= 1973 New Brunswick electoral redistribution =

The 1973 New Brunswick electoral redistribution was the most radical redistribution of electoral districts in the history of New Brunswick, Canada. Under this redistribution, New Brunswick changed from a mixture of multi-member districts and single-member districts to a scheme of only single-member districts, from bloc voting electoral system to first past the post.
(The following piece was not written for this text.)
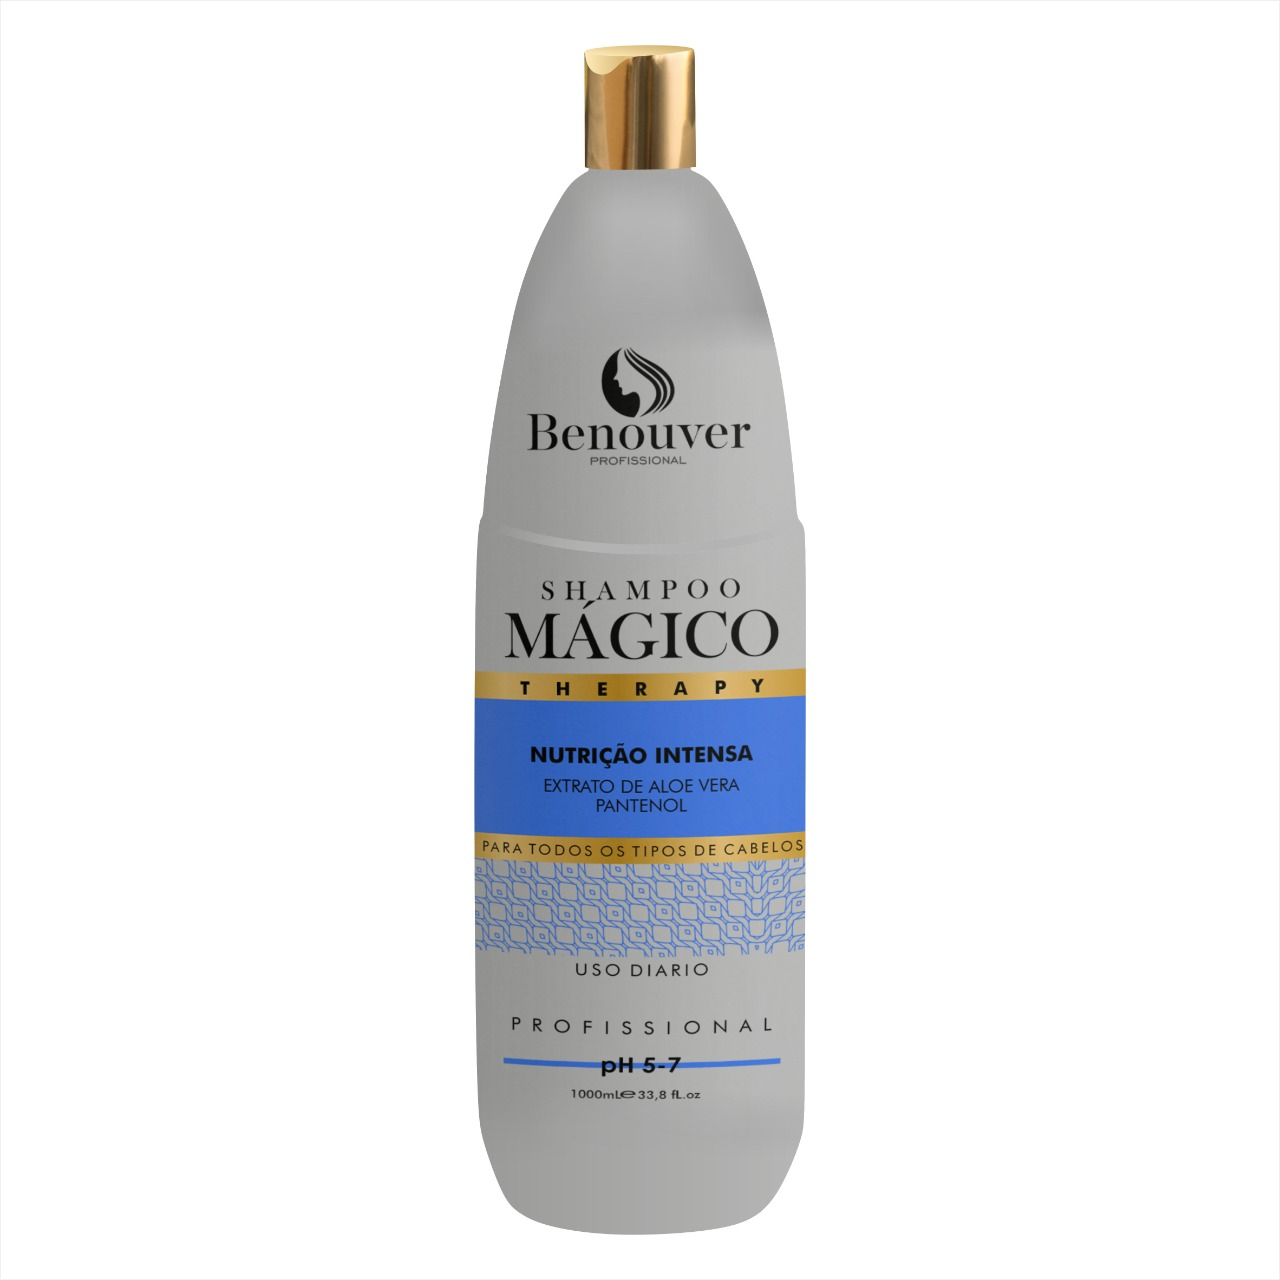 Shampoo Mágico Therapy Benouver Profissional - 1000ml  - Benouver Profissional

As the number of members per district had been re-evaluated as recently as 1967, the number of members was not changed, and multi-member districts were simply subdivided to form single-member districts.

Prior to the redistribution, New Brunswick had had the longest and deepest experience of multi-member districts of any province in Canada. The Block voting system in use though denied voters the proportional representation that they might otherwise have enjoyed.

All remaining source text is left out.